#28『I got rhythm 音楽が生まれる時』 概要と選曲リスト

是非これを見ながら聴いてください!


今月のテーマ:「The World of Black & Blue」(第11回:ゴスペルの心)
パーソナリティ:ピーター・バラカン(ブロードキャスター)


ゴスペルのリズムがみえる。
教会でこれをきくと、体が揺れ、敬虔な気持ちになる。
日曜日の朝の教会で、ゴスペルのリズムがみえる。
そしてリズム&ブルーズの心がみえる。

<番組のもとになった本>

絵本『リズムがみえる I see the rhythm』(サウザンブックス社)より
(文:トヨミ・アイガス、絵:ミシェル・ウッド、翻訳:金原瑞人、監修:ピーター・バラカン)

<番組のトーク・パート(概要)と選曲リスト>
― 今月は、ブラック・ミュージックの歴史を描いた絵本『リズムがみえる I See the Rhythm』を基に、ブラック・ミュージックの歴史を紐解いていきます。今回のテーマは「ゴスペルの心」です。

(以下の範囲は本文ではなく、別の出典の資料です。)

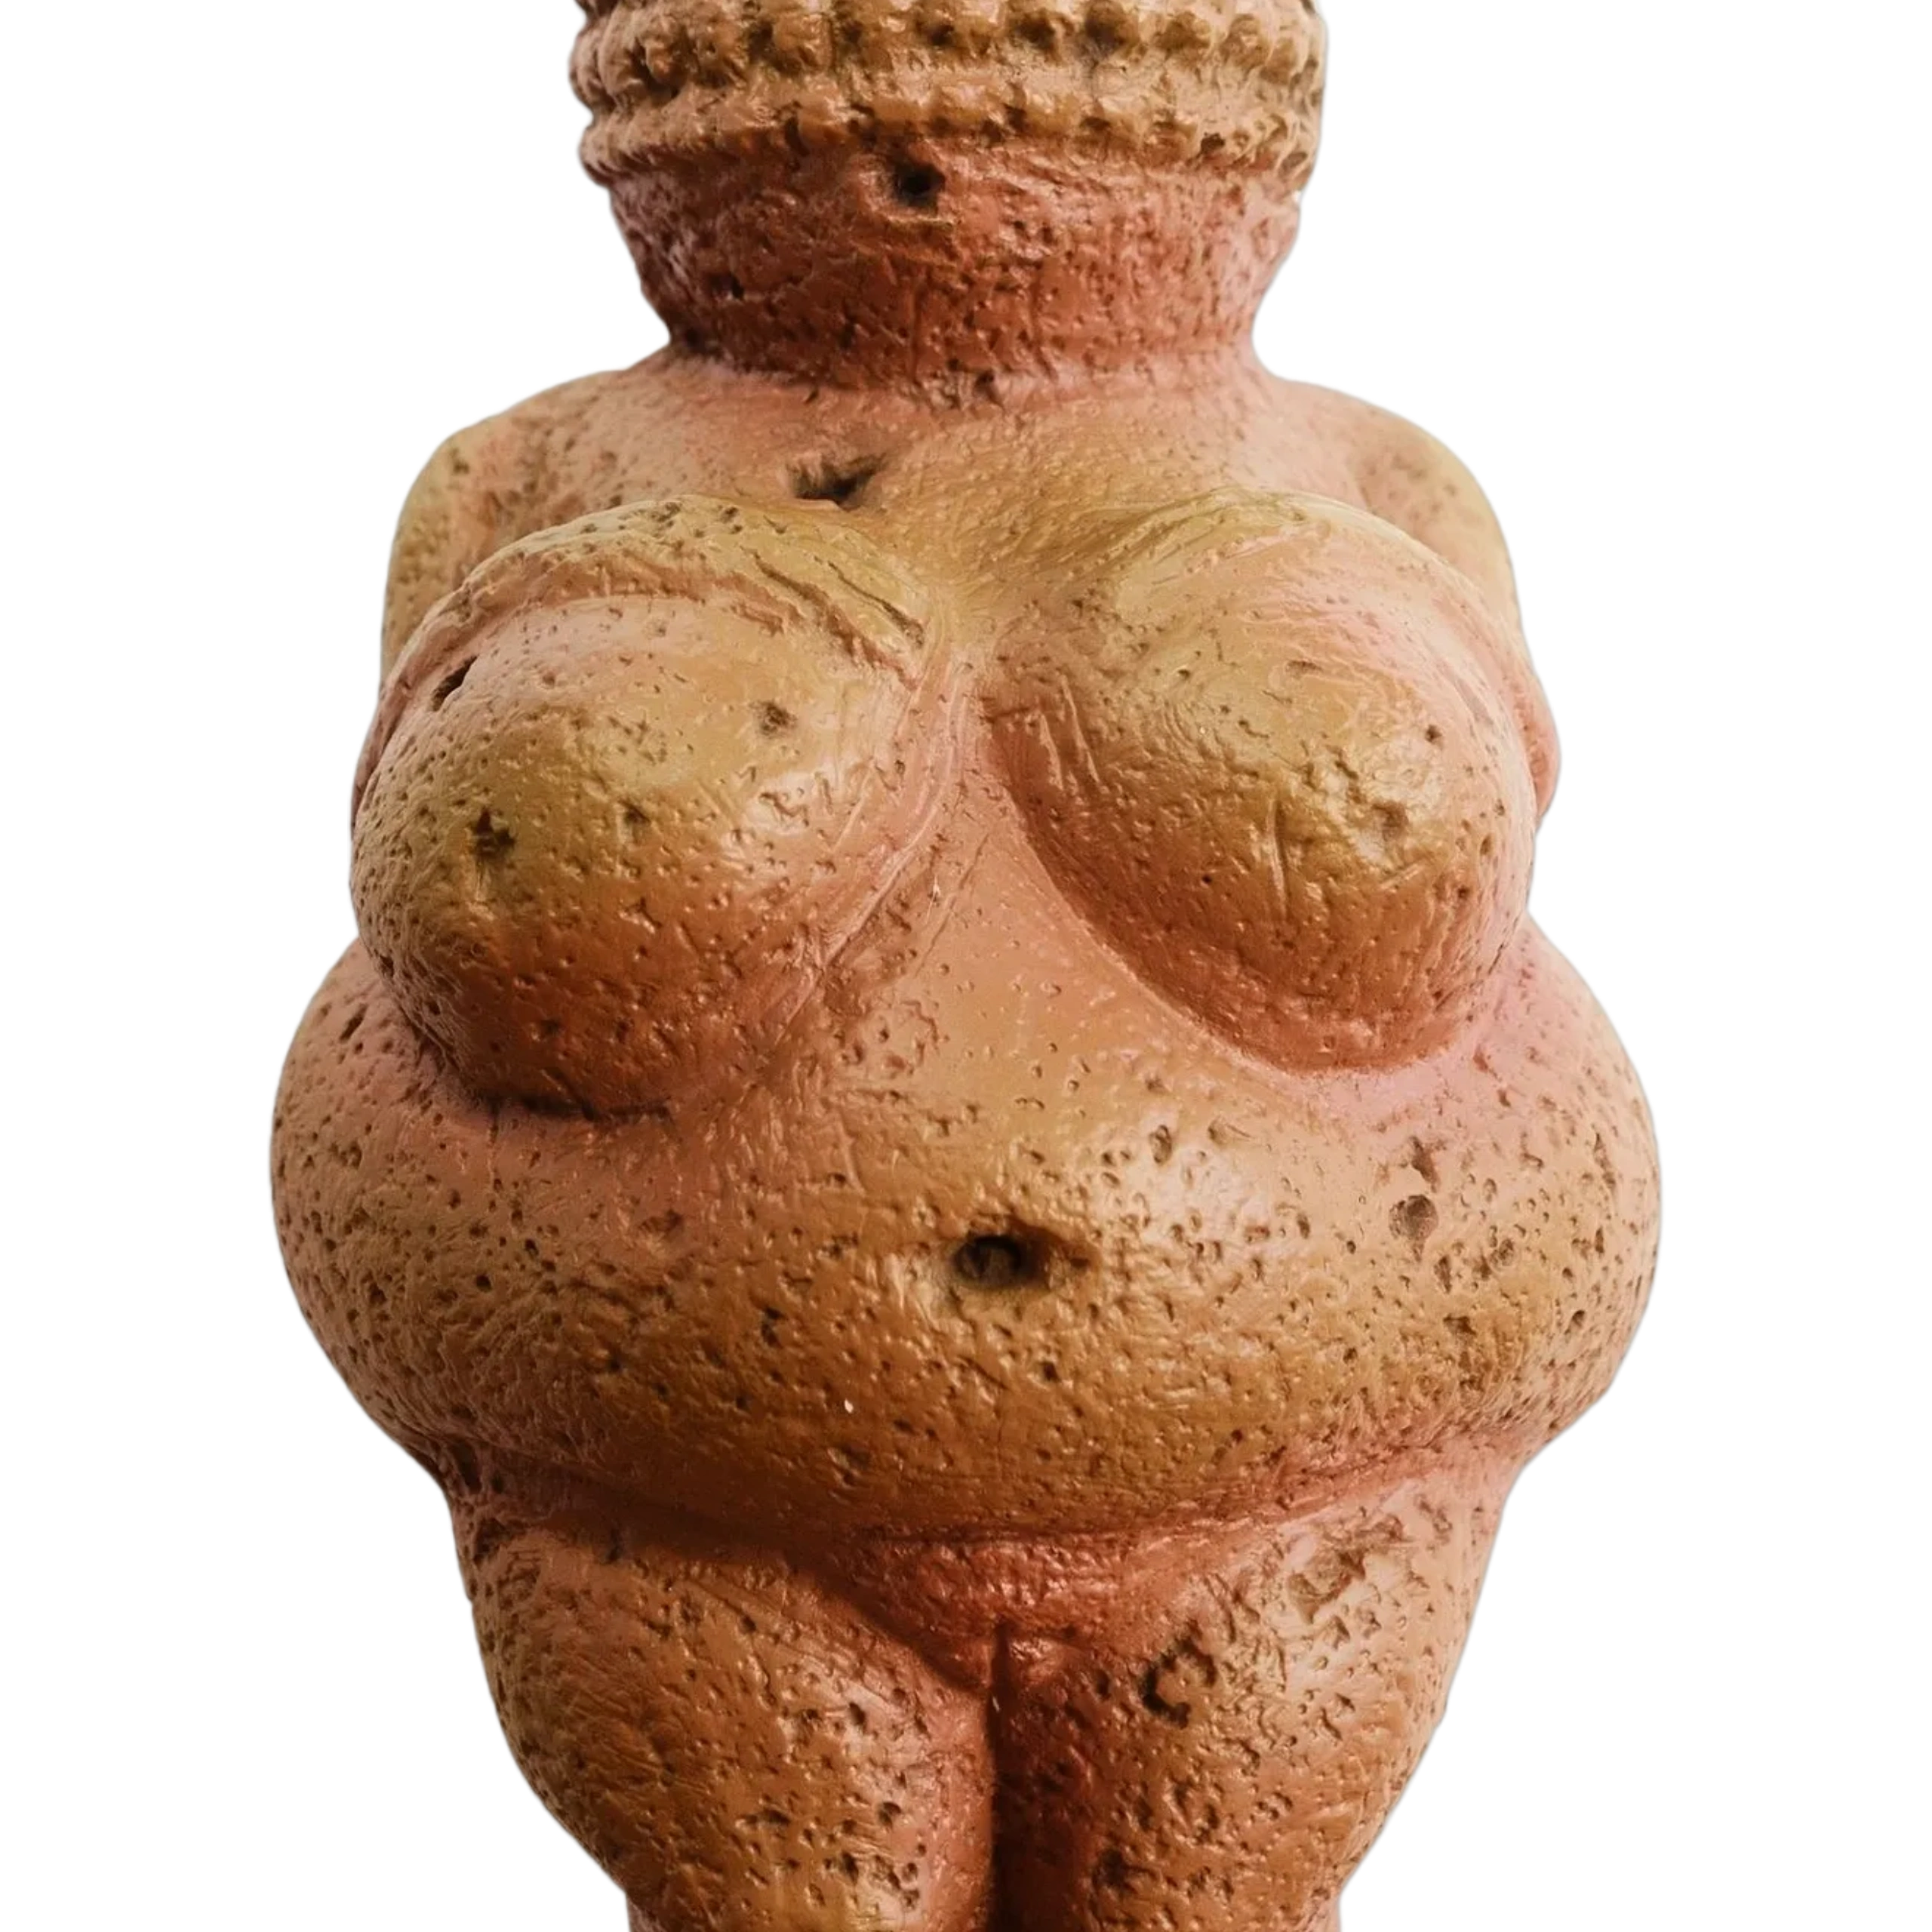 The Wallendorf Statue

ニグロ・スピリチュアルズと呼ばれる、いわゆる黒人霊歌という音楽が、アメリカのブラック・ミュージックのルーツとなっていますが、そこから「ゴスペル・ミュージック」ができるのは、1930年代になってからのことです。

特に、ゴスペル・ミュージックを形にしたのが、トーマス・ドーシーです。彼は、1920年代にジョージア・トムという名前で、ピアノを弾きながら、やや際どいブルーズを歌っていました。そして、1929年の株式大暴落を一つの転換点として、30年代に入ると、宗教的な内容の曲を作るようになります。それまでブルーズを歌っていた彼が作るゴスペルは、ブルーズに近い雰囲気を持った曲が多いです。

―ゴスペルの黄金時代は、第二次世界大戦が終わった直後頃から、50年代の終わり頃までの、およそ15年間とみてよいでしょう。もちろん今でもゴスペル・ミュージックの歴史は続いていますが、今日は40~50年代のゴスペルを紹介します。

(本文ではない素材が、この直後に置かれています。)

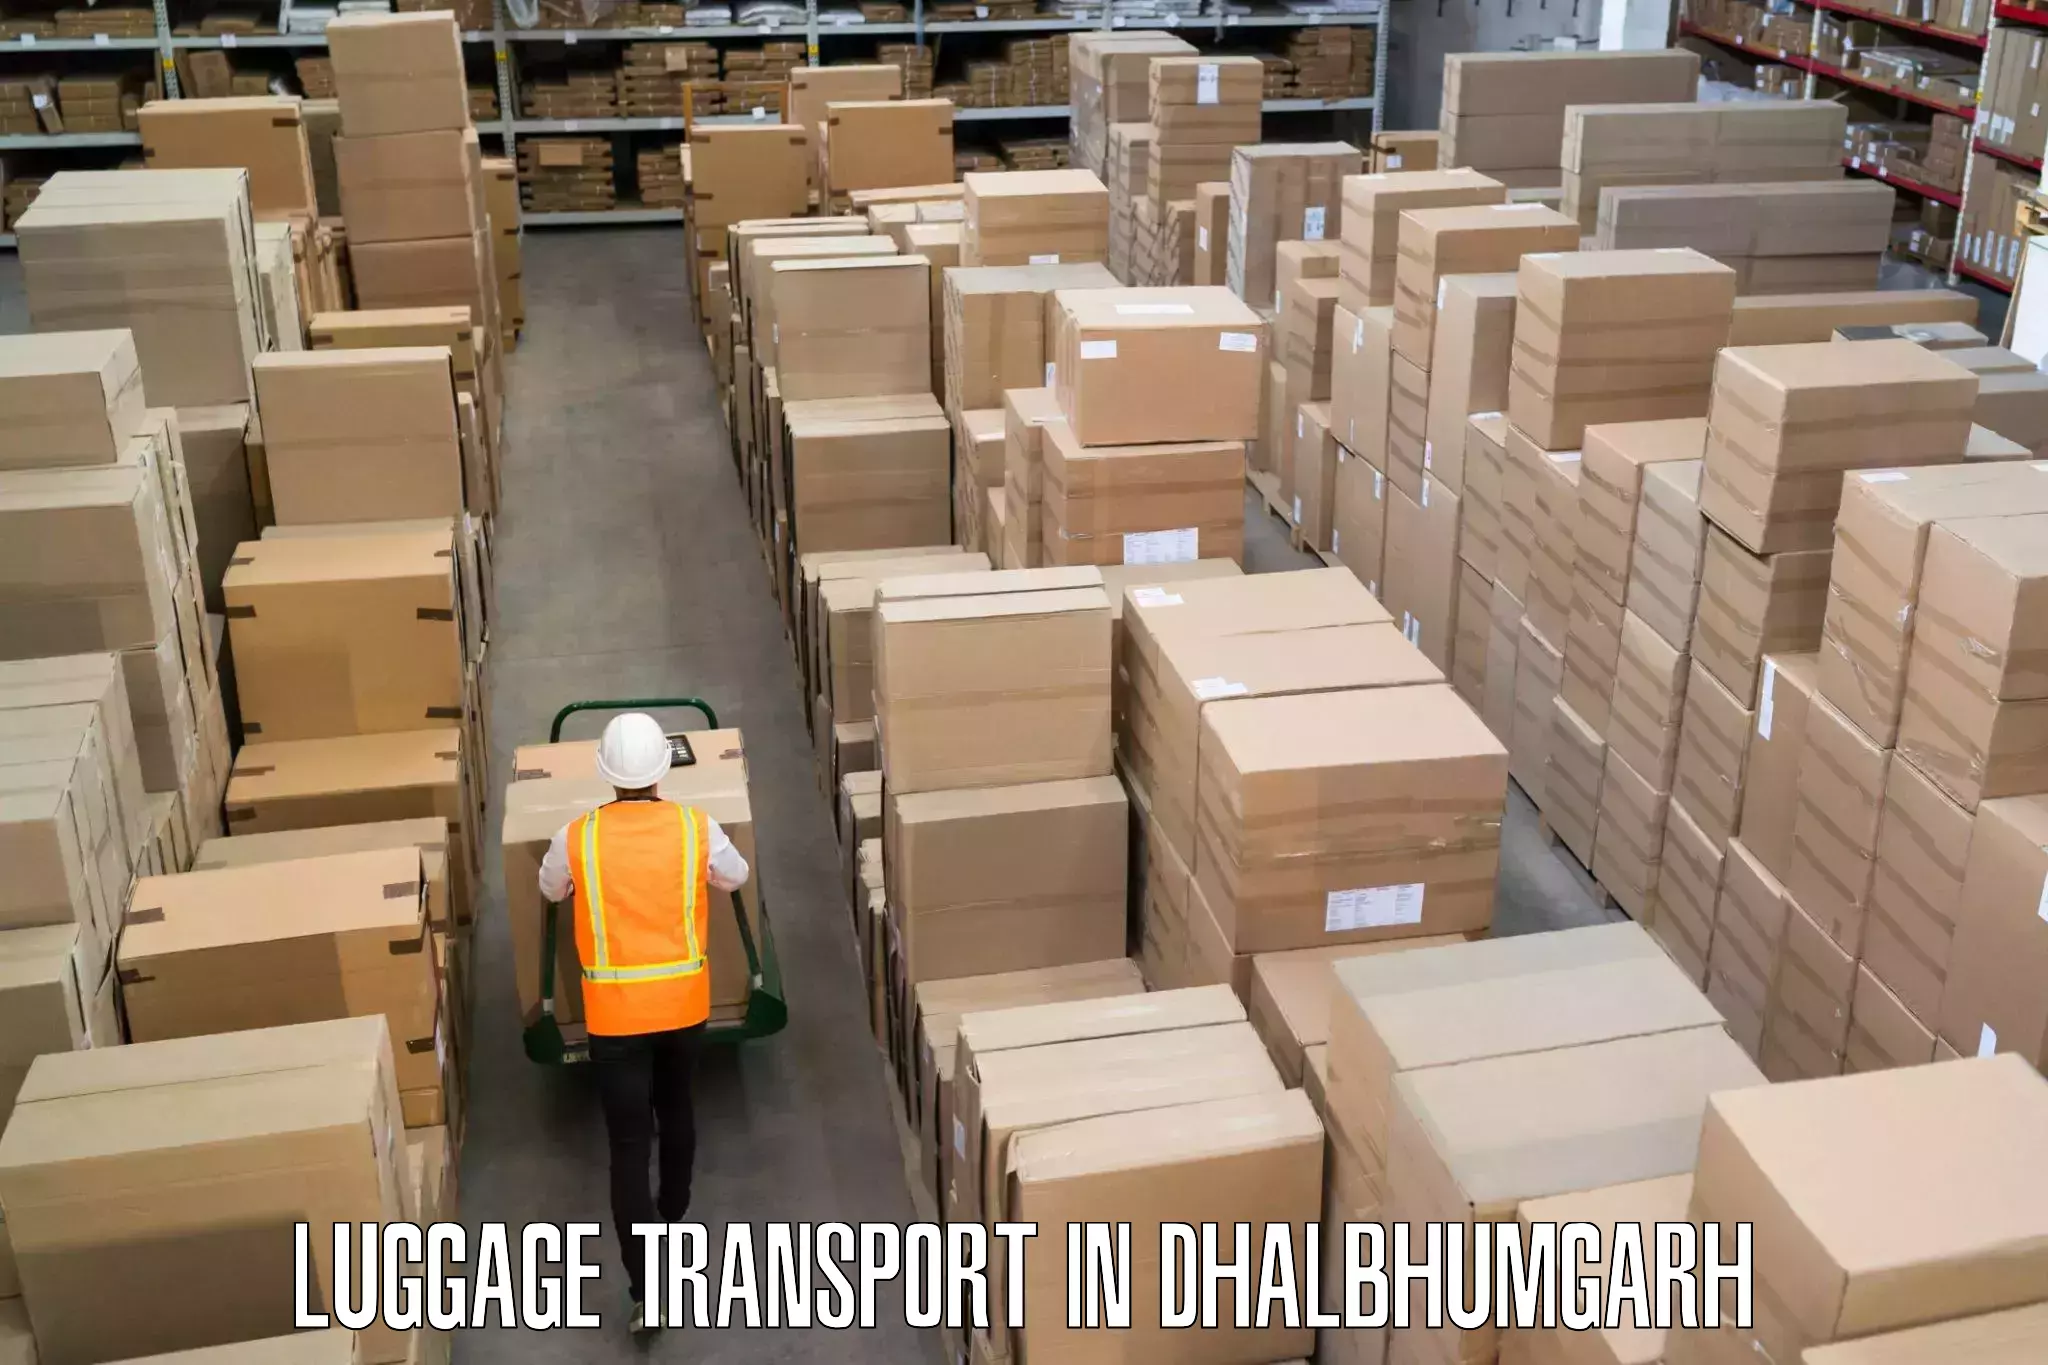 Luggage shipment processing in Dhalbhumgarh

―ゴスペルは、基本的に「ソロ歌手」「合唱団」「カルテット」の3つの形になります。カルテットは、必ずしも4人とは限りませんが、4声で歌うことからカルテットと呼ばれます。


1「Take My Hand, Precious Lord」Mahalla Jackson
<Spotifyリンク>※ラジオでOAしたものとバージョンが異なる場合があります。

 1956年に発表されたこの曲は、トーマス・ドーシーが作曲した中で、最も有名な曲の一つです。マヘリア・ジャクソンは、ゴスペルを代表するソロ歌手で、この曲を歌った時はすでに45歳です。彼女はこういった讃美歌のような曲も歌えば、迫力のあるロックンロールのようなゴスペルの曲も歌います。
『真夏の夜のジャズ』という有名なニューポート・ジャズ・フェスティバルのドキュメンタリー映画の最後の部分で、彼女の素晴らしい歌声を、3曲分ほど聴くことができます。

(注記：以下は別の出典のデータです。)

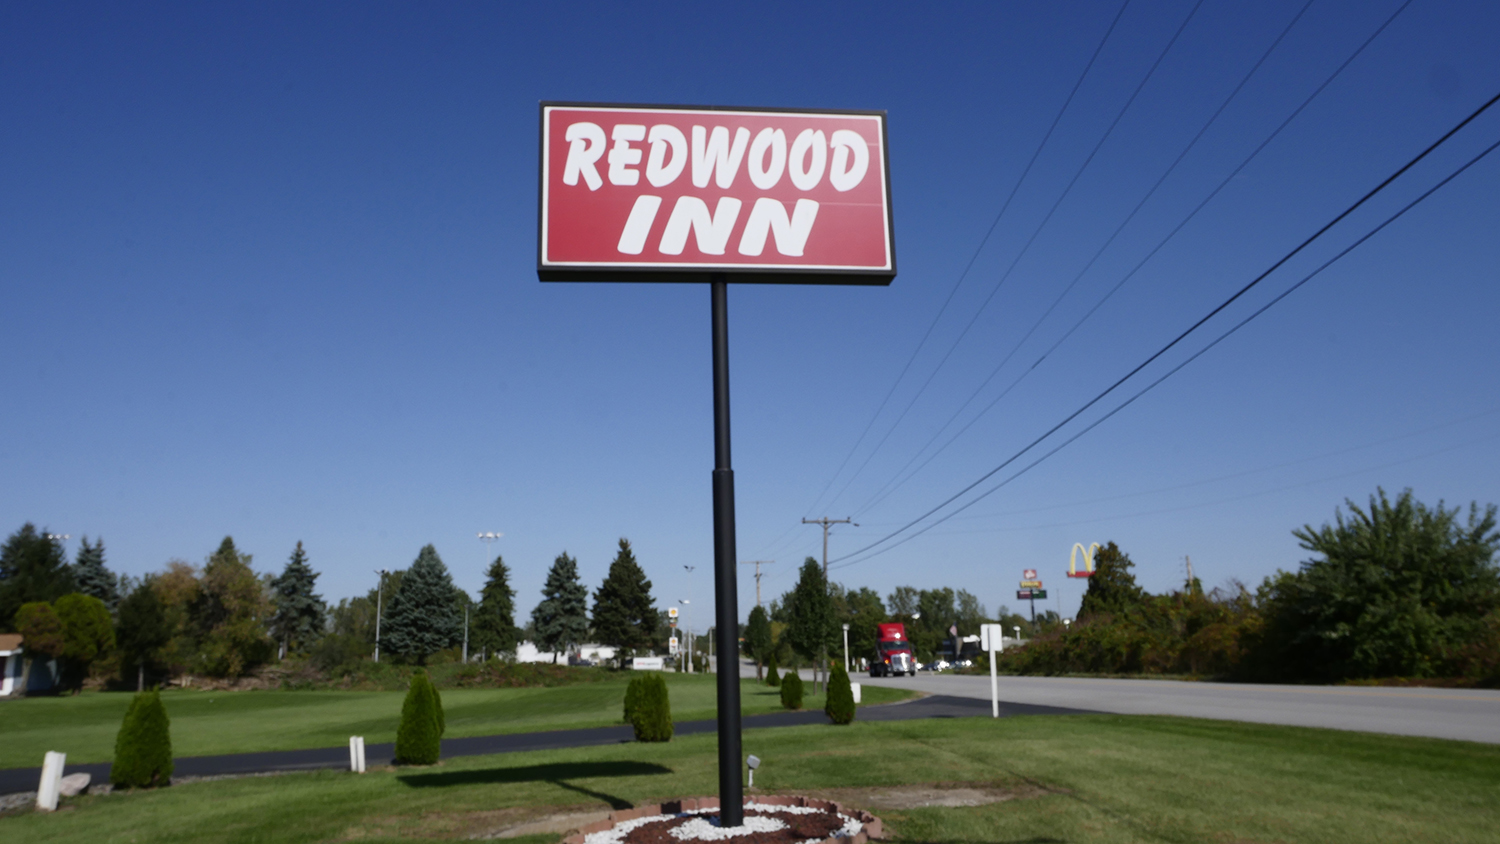 Redwood Inn Fremont Indiana - Steuben County Tourism Bureau

M2「How I Got Over」Clara Ward & The Ward Singers
<Spotifyリンク>※ラジオでOAしたものとバージョンが異なる場合があります。

 ゴスペル歌手でもあり、ソングライターとしても有名なクララ・ウォード。彼女はアレサ・フランクリンに大きな影響を与えたことでも知られています。この曲は、彼女が1951年に、自分で作曲して歌った曲で、のちにマヘリア・ジャクソンも歌っています。こういったタイプのゴスペルが、後のソウル・ミュージックに大きな影響を与えています。

M3「Joshua Fit The Battle of Jericho」The Golden Gate Quartet
<Spotifyリンク>※ラジオでOAしたものとバージョンが異なる場合があります。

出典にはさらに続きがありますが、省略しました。